Adenocarcinoma /diagnosis /surgery; Adenoma /pathology /surgery; Ampulla of Vater /pathology /surgery; Cholangiopancreatography, Endoscopic Retrograde; Common Bile Duct Neoplasms /diagnosis /surgery; Neoplasms, Multiple Primary /diagnosis /surgery; Pancreaticoduodenectomy; Adult; Lymphatic Metastasis; Aged
Cancers of the ampulla of Vater are rare entities, comprising only about 6% of periampullary tumors, and less than 1% of all gastrointestinal malignancies [1, 2, 3]. Although ampulla of Vater cancers are more common than common bile duct cancers, they occur tenfold less frequently than cancers of the pancreatic head. In autopsy series, occult ampullary adenomas and adenocarcinomas were observed in 0.2% of patients. Tumors of the ampulla may arise from the duodenal surface of the papilla (peri-ampullary-type) which is lined by small intestinal epithelium or from the ampullary channel (intra-ampullary type) which is lined by pancreaticobiliary type ductal epithelium. Histopathologic classification is an indicator of survival, with the pancreaticobiliary subtype having the worst prognosis [4, 5]. The incidence of bile duct cancers is on the rise, with about 5,000 new cases diagnosed in the U.S. yearly. These tumors can be divided into intrahepatic, perihilar or distal tumors and account for about 3% of all gastrointestinal malignancies. Distal common bile duct cancers are frequently node positive and require a Whipple operation for adequate nodal and margin clearance. With ampullary cancers comprising less than 1% of gastrointestinal malignancies, synchronous periampullary tumors are incredibly rare entities. Herein we report a case of a 76-year-old man with synchronous ampullary and common bile duct adenocarcinoma presenting as two separate primary cancers.

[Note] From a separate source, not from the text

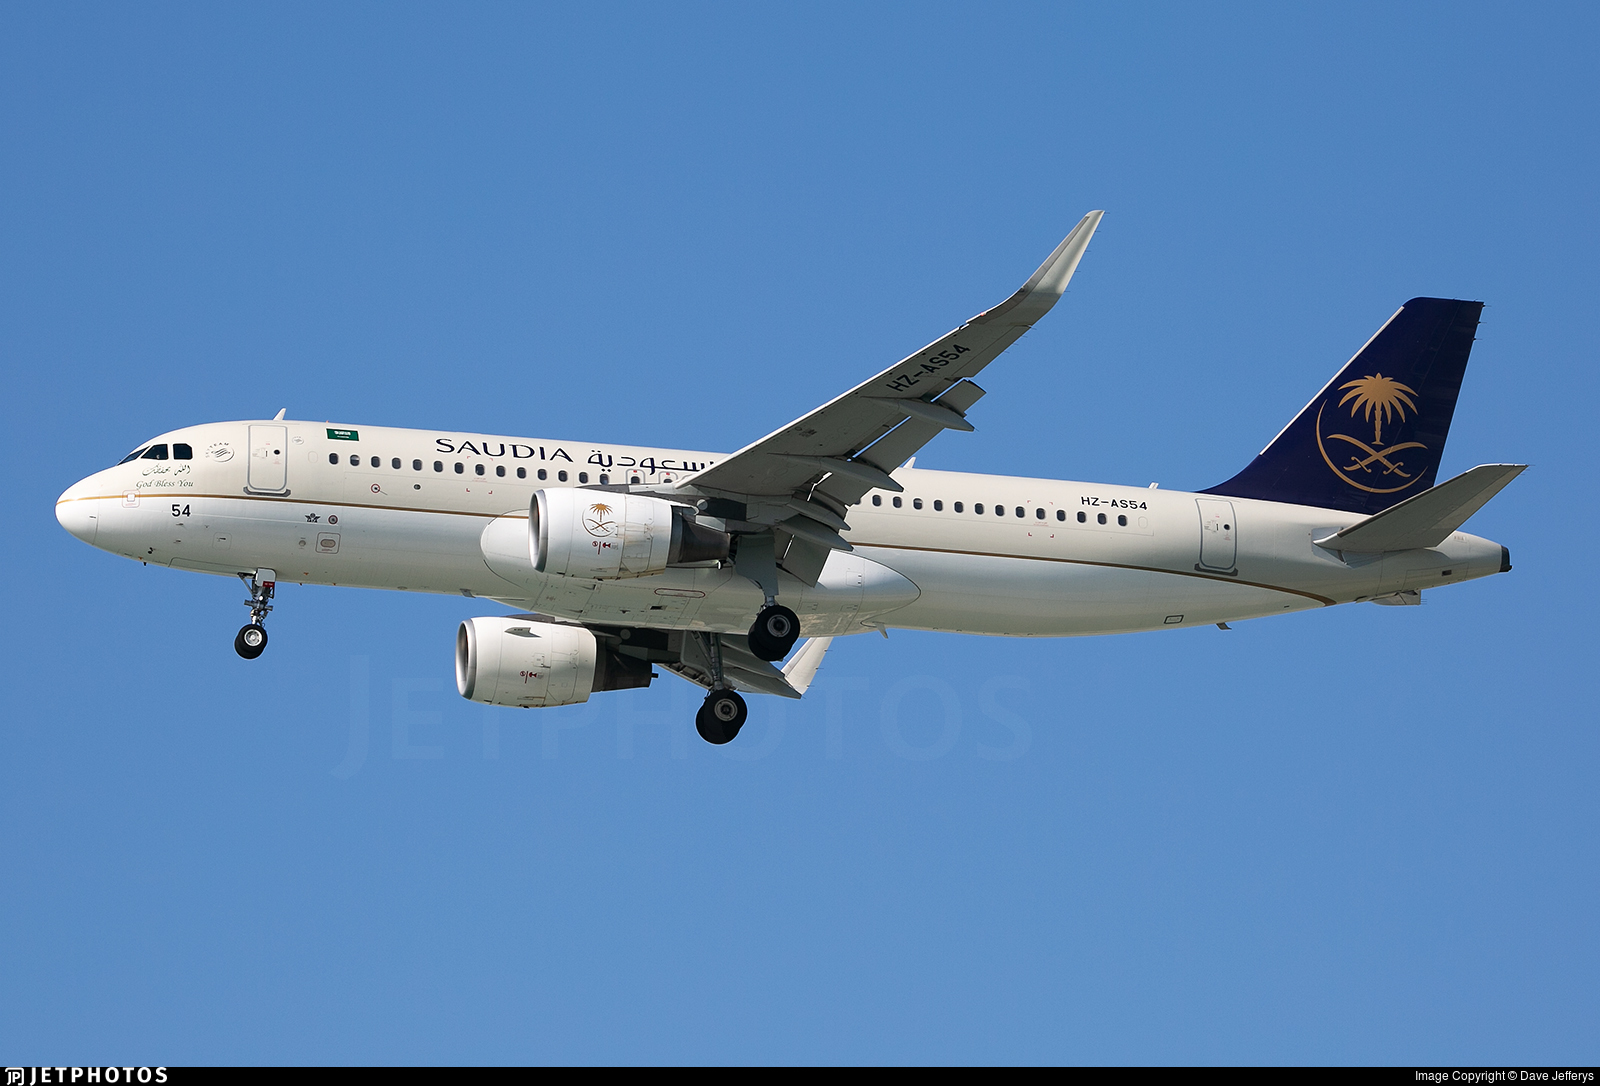 HZ-AS54 - Airbus A320-214 - Saudi Arabian Airlines

The patient is a 76-year-old male who initially presented to his primary care physician with dark urine that prompted further laboratory evaluation and imaging. A CT scan was ordered, and it showed biliary ductal dilation measuring up to 1.2 cm. During initial ERCP performed locally, a frond like villous mass involving the major papilla was identified. Additionally, the lower third of the main bile duct contained a single localized stenosis measuring 5 mm in length.
The patient was referred to the University of Colorado to establish tissue diagnosis and for an attempted endoscopic resection given his age and comorbidities. On repeat ERCP, an ampullary mass was identified involving the major papilla (Figure 1). A localized distal biliary stricture was also found which did not have the appearance of intraductal growth of an ampullary mass. Endoscopic ultrasound confirmed the presence of the ampullary mass causing a stricture (mass 2.2 cm in largest diameter; Figure 2). The stricture was in the very downstream common bile duct, felt to be entirely within the intra-duodenal portion, and EUS showed no definite submucosal invasion. Endoscopic biopsies were suspicious for adenocarcinoma, but without definite invasion; it was not felt that brushings would add any useful information at this point. After a lengthy discussion of treatment options, the patient elected for an attempt at endoscopic ampullectomy rather than proceeding directly to surgery. Endoscopic ampullectomy was performed with a polypectomy snare in multiple segments (Figure 3). Histologic analysis demonstrated periampullary/duodenal dysplasia (adenoma) associated with invasive carcinoma limited to the ampulla. Immunohistochemistry demonstrated positive staining for CK20 and CDX2 and negative staining for CK7. Based on the combined findings of duodenal dysplasia and immunoreactivity for CK20 and CDX2, the carcinoma was classified as intestinal-type. Invasive carcinoma was widely present at the cauterized tissue edges. No lymphovascular invasion was identified.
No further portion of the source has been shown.